=== Given information ===
● ● ● ● ● ● ●

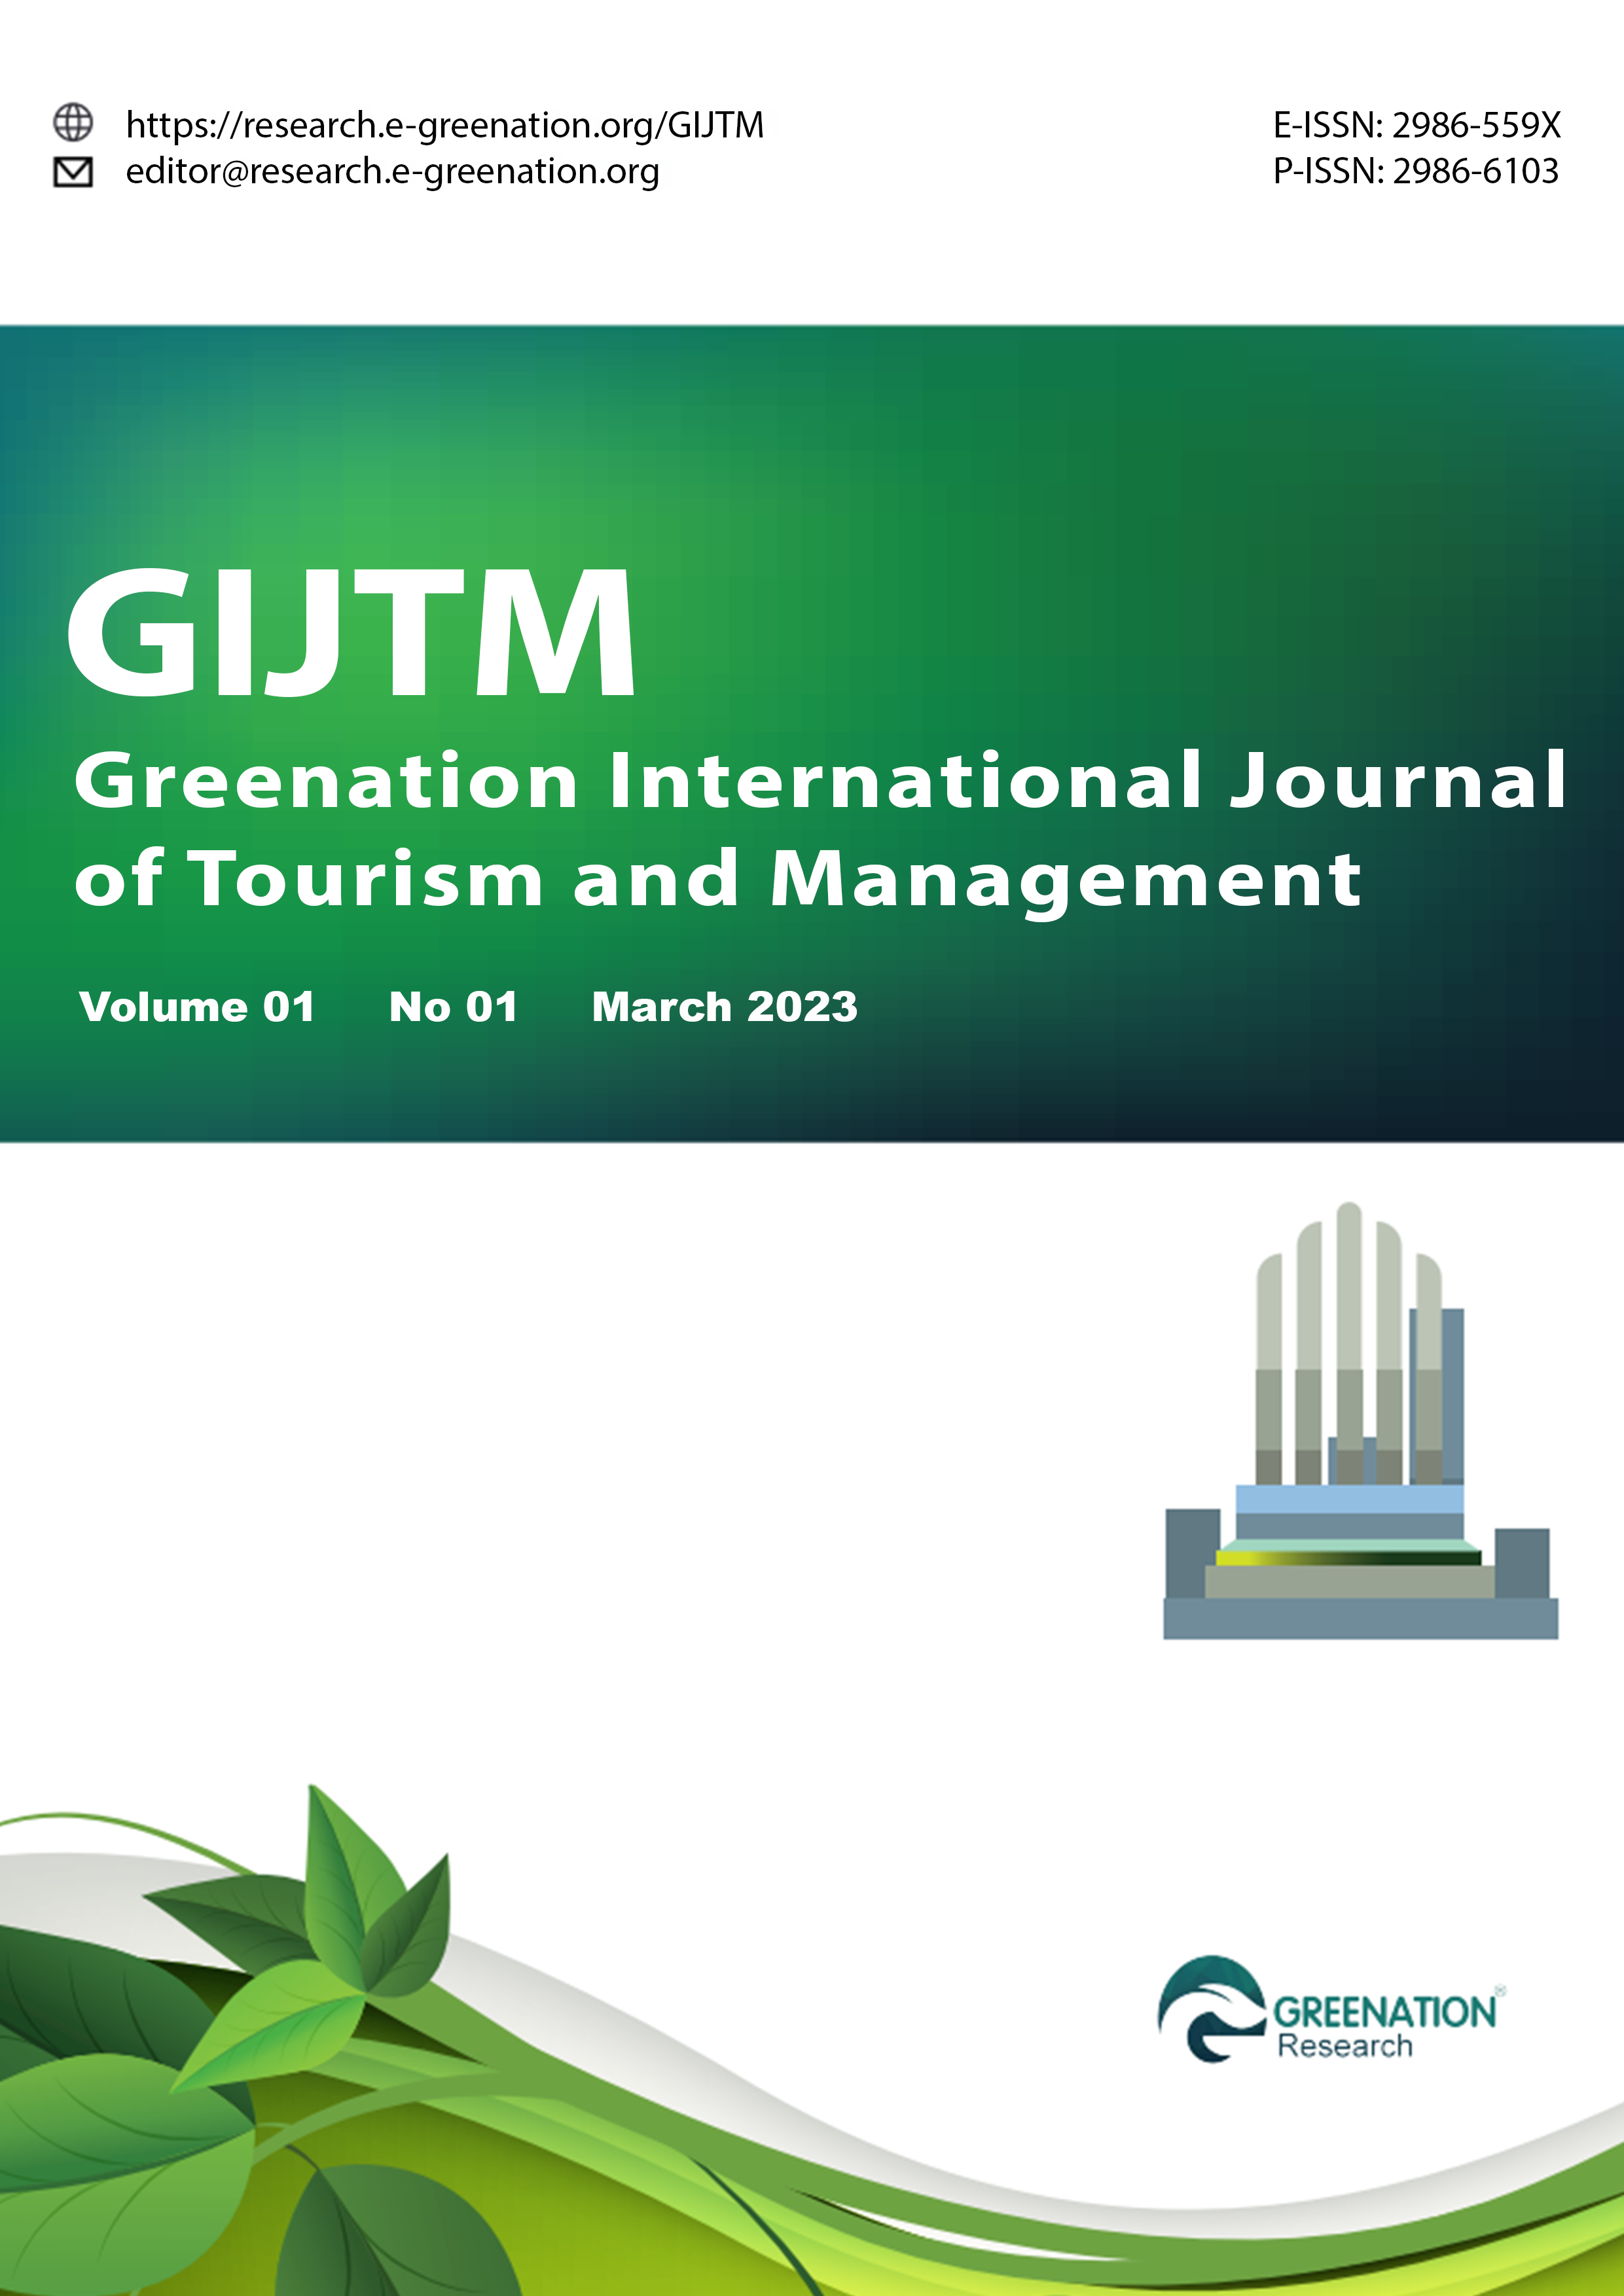 					View Vol. 1 No. 1 (2023): (GIJTM) Greenation International Journal of Tourism and Management (March - May 2023)
				
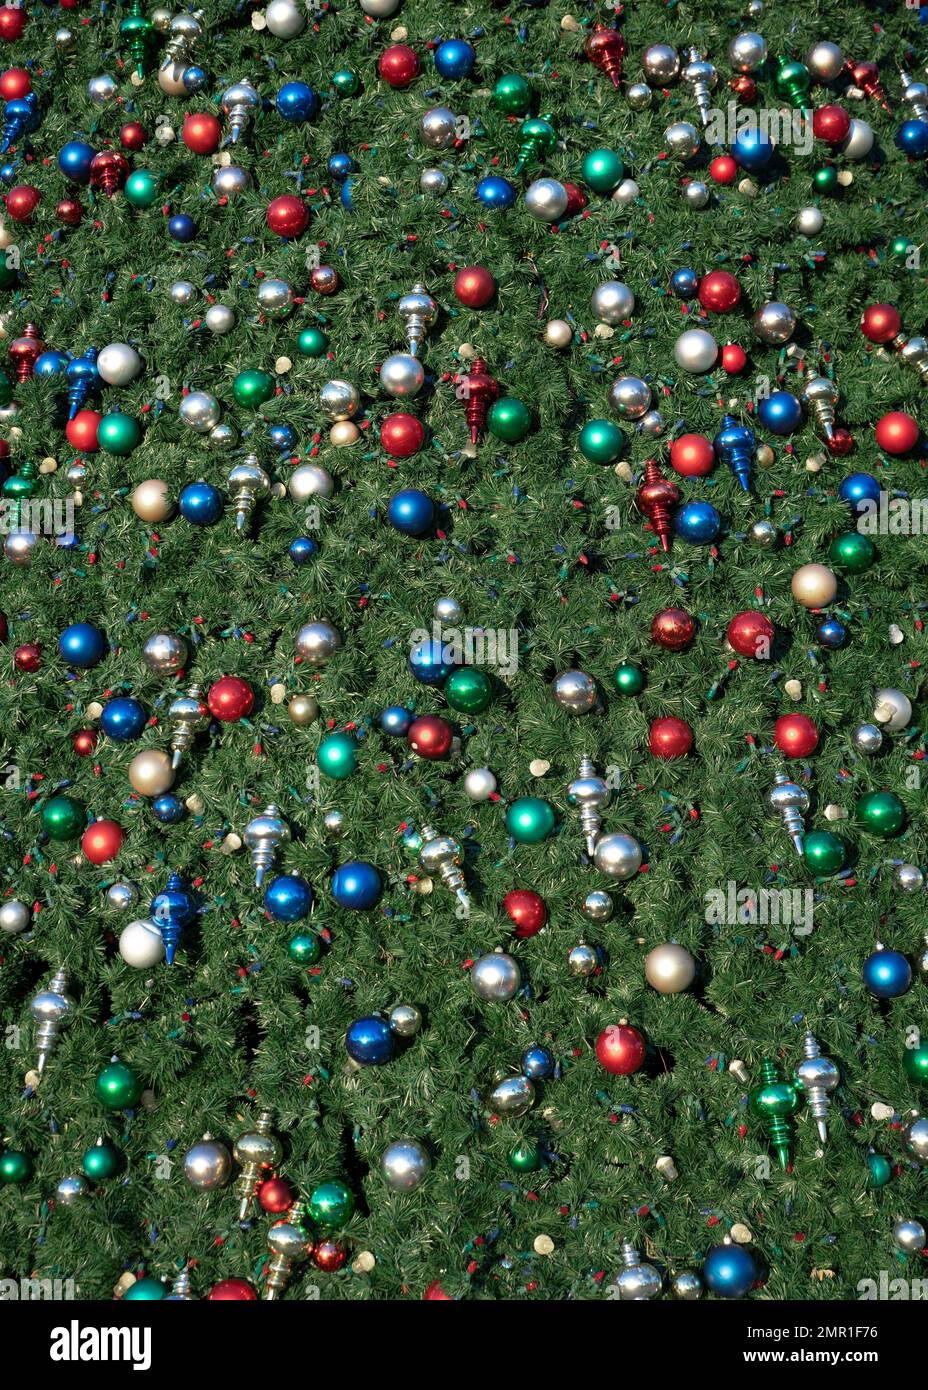 Decorated Christmas tree detail. Stock Photo
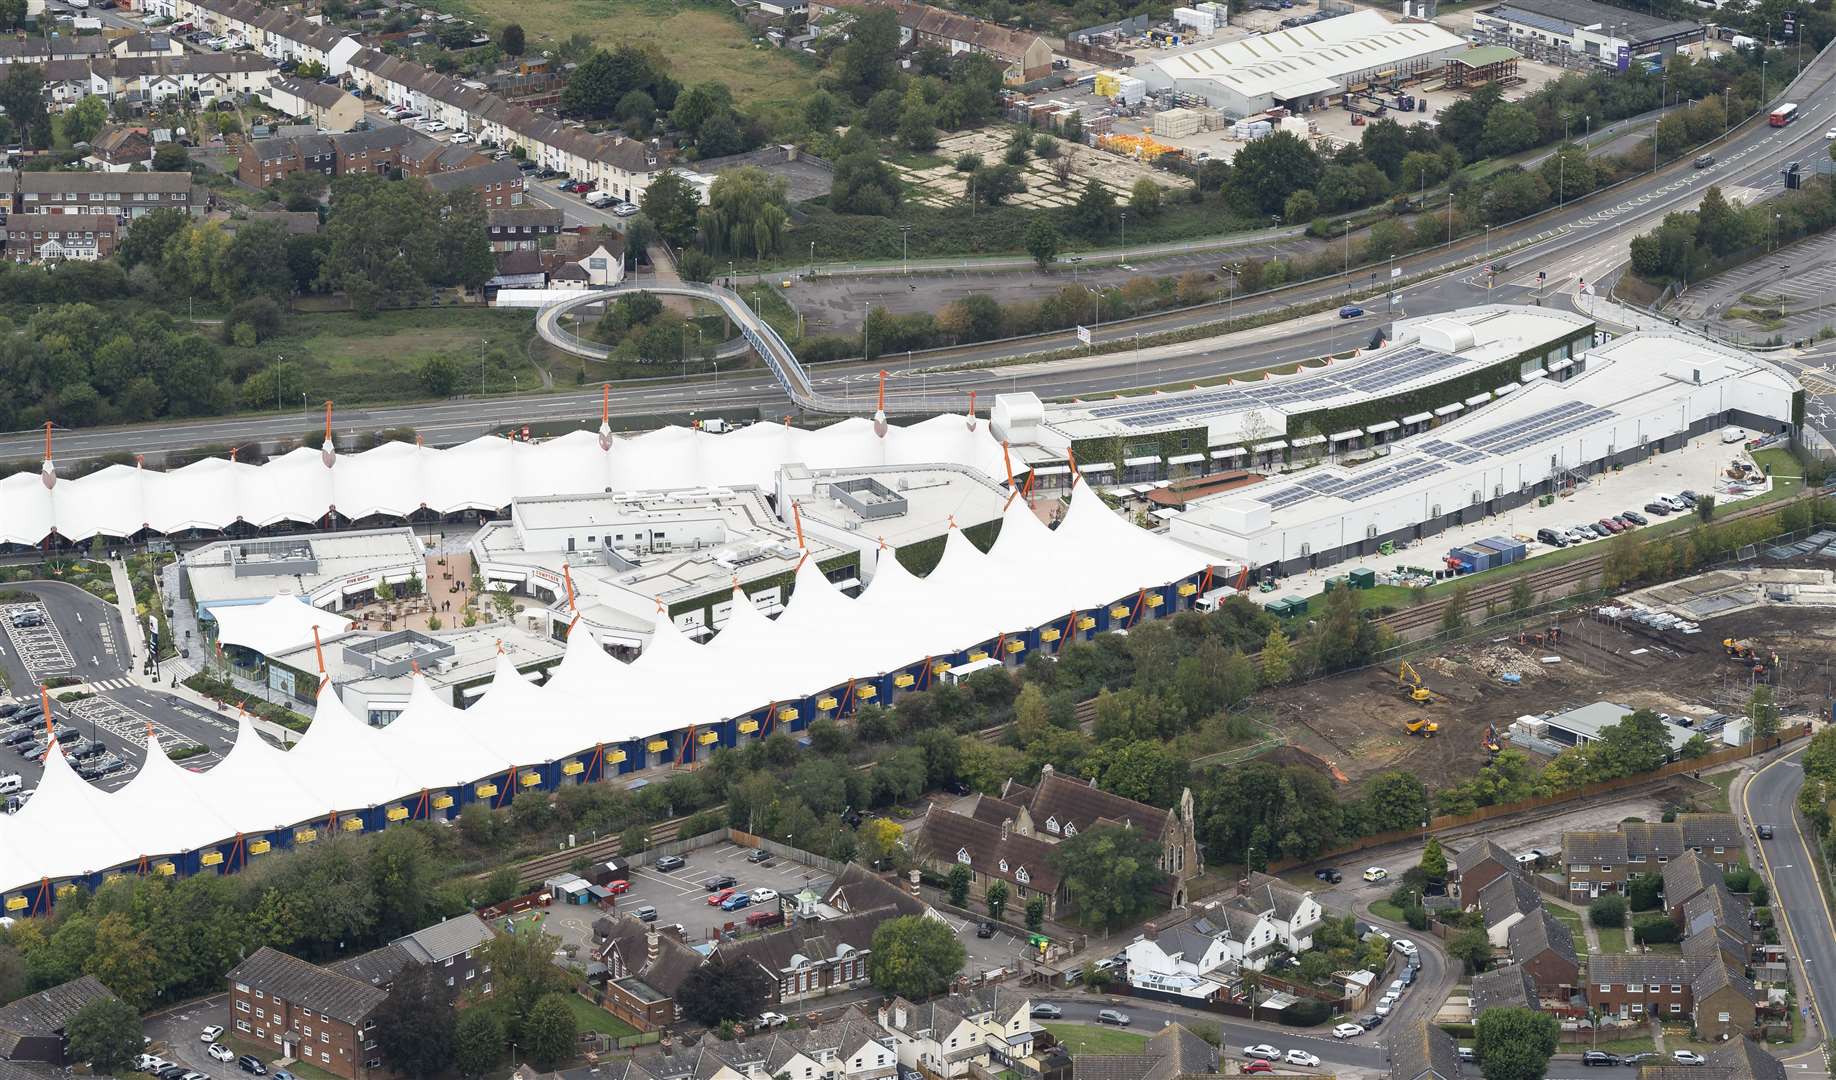 The Ashford Designer Outlet would have formed a key part of the monorail route. Picture: Ady Kerry/Ashford Borough Council

● ● ● ● ● ● ●

=== Exercise instructions ===
A verbatim rendering of the listing above is required, without any of its pictures.

=== Completed exercise ===
 					View Vol. 1 No. 1 (2023): (GIJTM) Greenation International Journal of Tourism and Management (March - May 2023)
				
 Decorated Christmas tree detail. Stock Photo
 The Ashford Designer Outlet would have formed a key part of the monorail route. Picture: Ady Kerry/Ashford Borough Council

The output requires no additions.